I understand your situation. Teaching adjunct while nursing my DS I resorted to a bathroom stall and a battery operated pump several times during each 4 hour class. Thank goodness for the battery operated pump, I would have had to resort to building a tent in the classroom and hunkering under it!

Posted by: MC Milker on September 3, 2007 01:40 PM


Been there, myself. Though I had an office with a door, still had to put a handwritten sign up saying, "DO NOT ENTER" in order to prevent someone from barging right on in. It still happened once.

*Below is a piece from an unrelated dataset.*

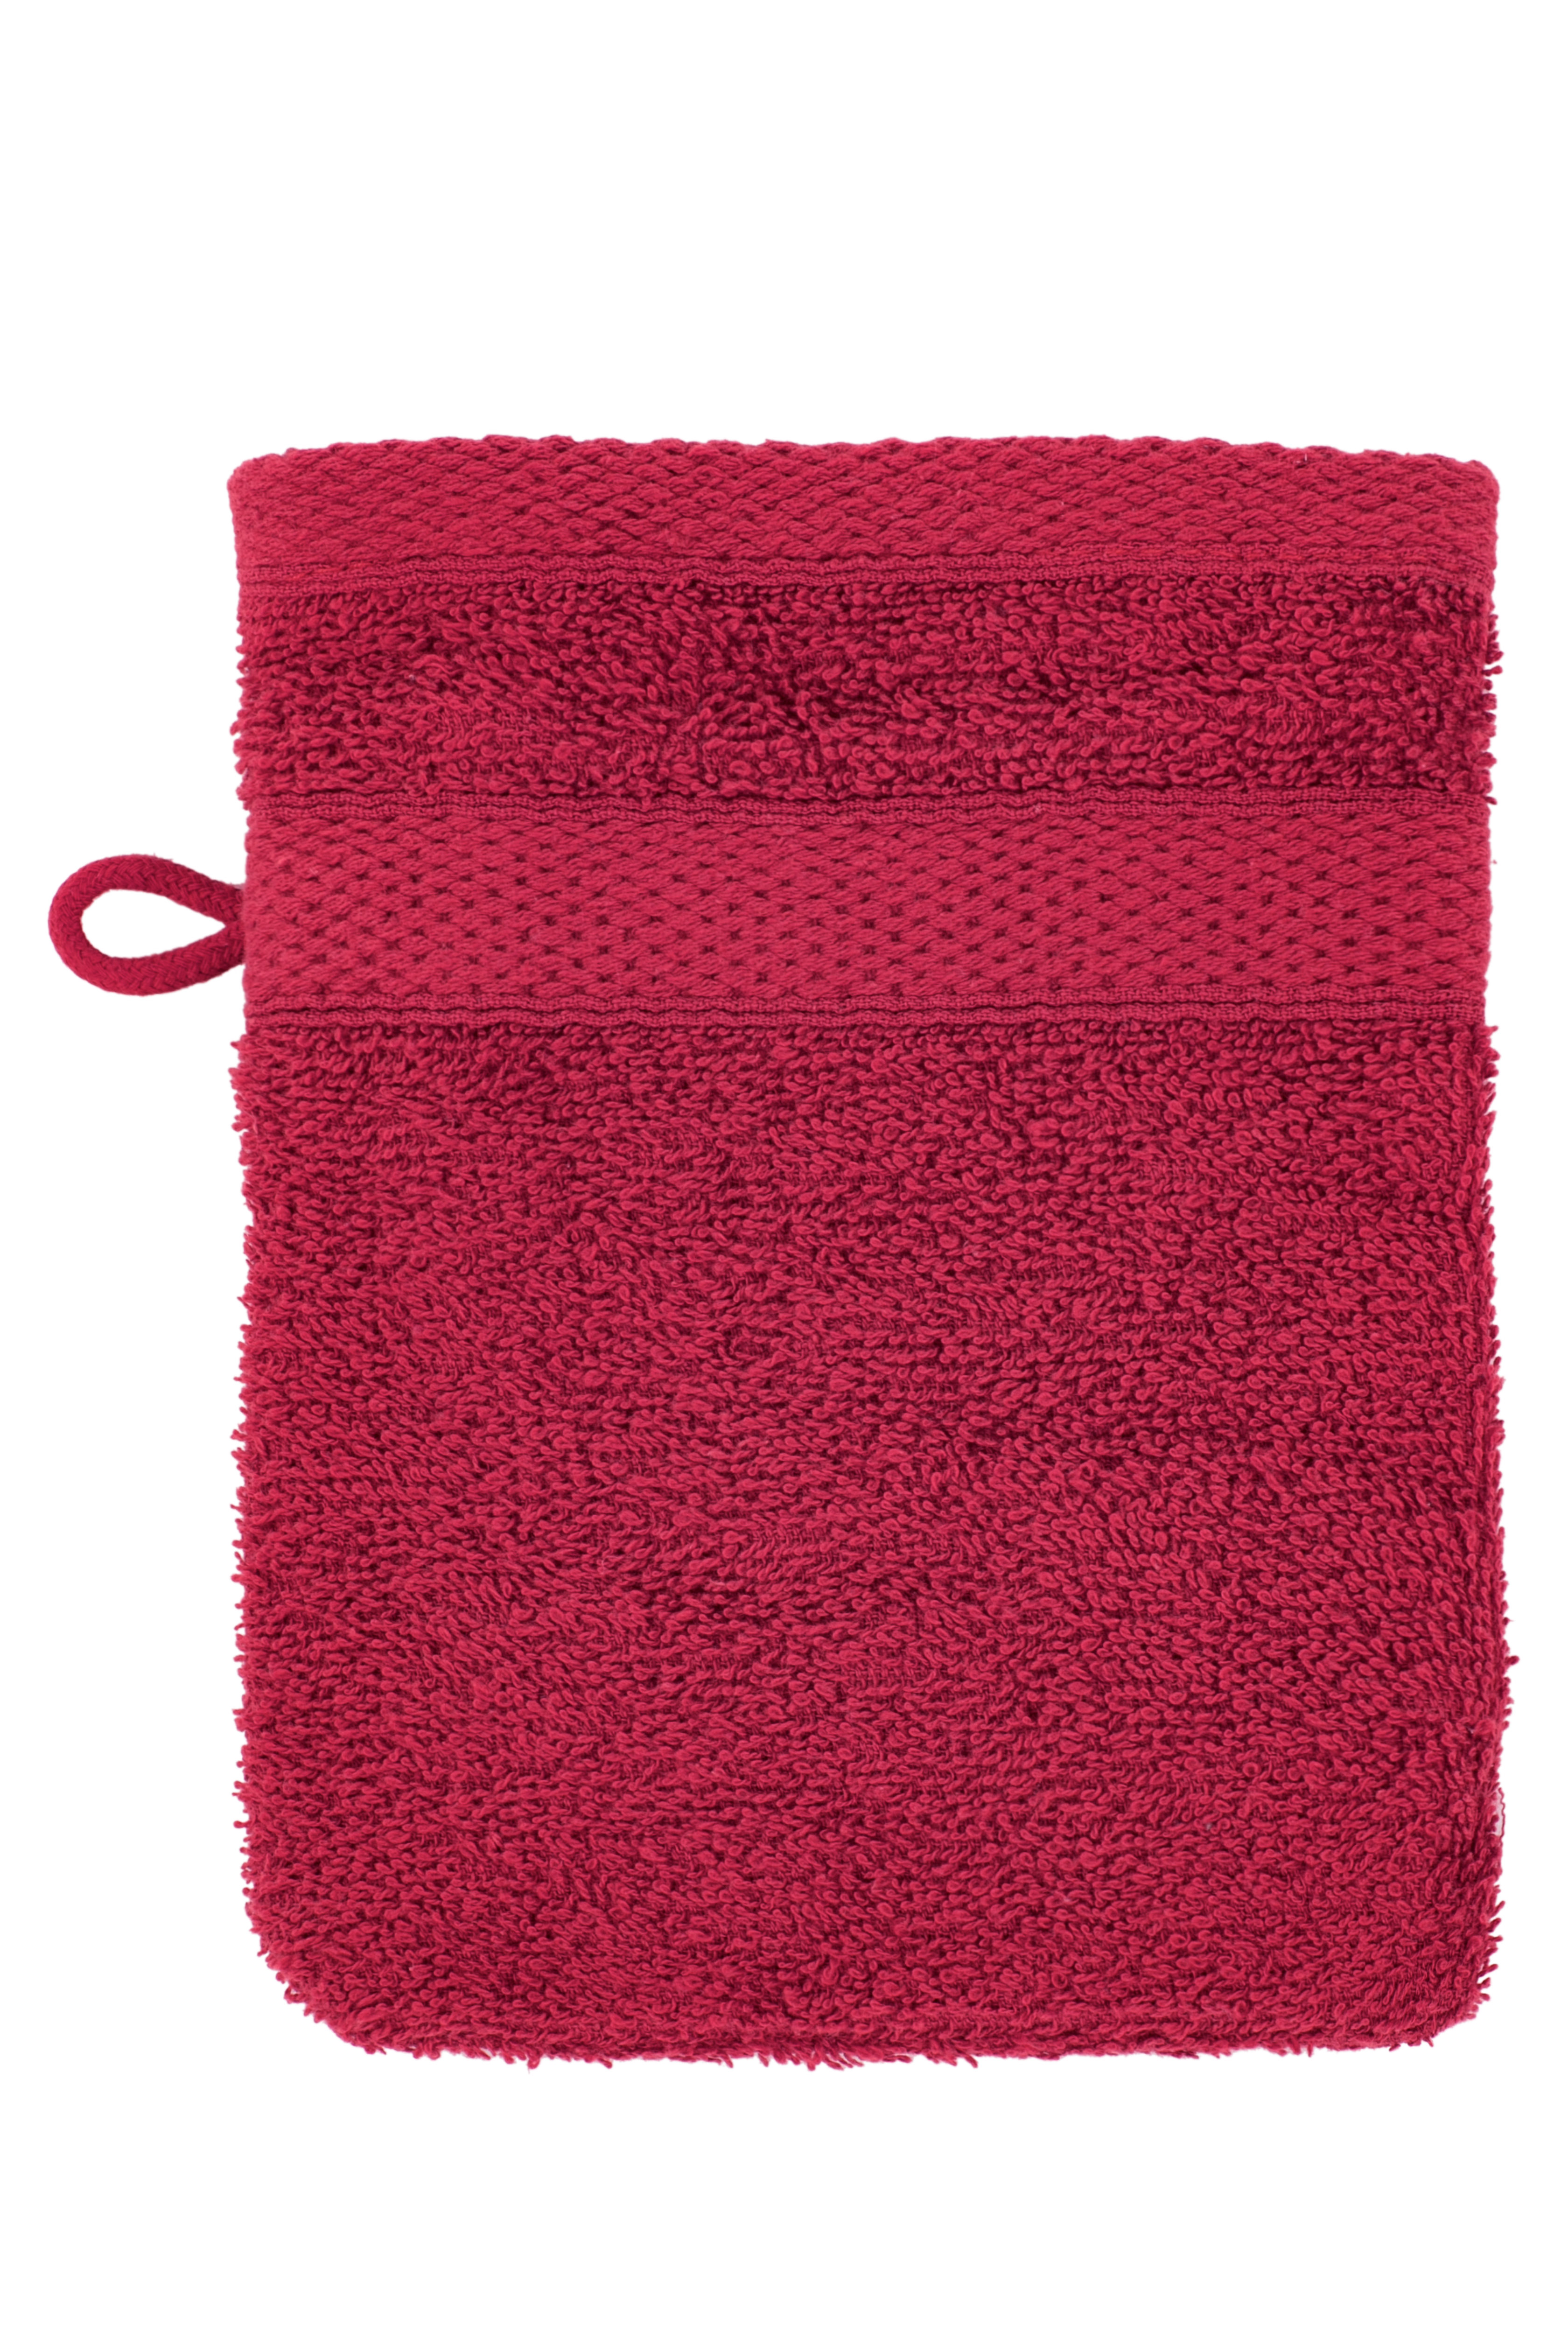 Washing glove 15x21cm, persian red - set2

I also once had to (no, make that twice, on two different trips) FedEx my milk. And yes, I told the person behind the counter what it was: "There can be NO delays with this liquid gold."

I have pumped in a public bathroom and also while driving.

Two big old babies, 22 months apart, plumped up by mama's milk. That's what I call bringing home the bacon AND frying it up in a pan! :)

Posted by: Monica C. on August 31, 2007 01:53 PM


We met at the last night of blogger--I with the red shoes you with the pink hair.

I really love this post. It gets me so fired up. You shouldn't have to make a choice about your child's well-being based on a job. UGH!!!!

Posted by: mammaloves on August 31, 2007 01:36 PM


Thanks for this post, appreciate the company in the cow herd--the pump sucked in many ways, haha. Been there, done that, and relate only too well.

Posted by: joan on August 23, 2007 01:03 PM


Of all the blogs I've read over the past years, and there have been many that I stopped reading and I'm probably down to about 5-6, yours feels alive and real and smart. I can't imagine why you're not getting many more comments than you are ... fantastic.

Posted by: Liz on August 23, 2007 04:15 AM


You've touched on a subject that rarely gets out in the world... in the corporate world, that is. Good for you.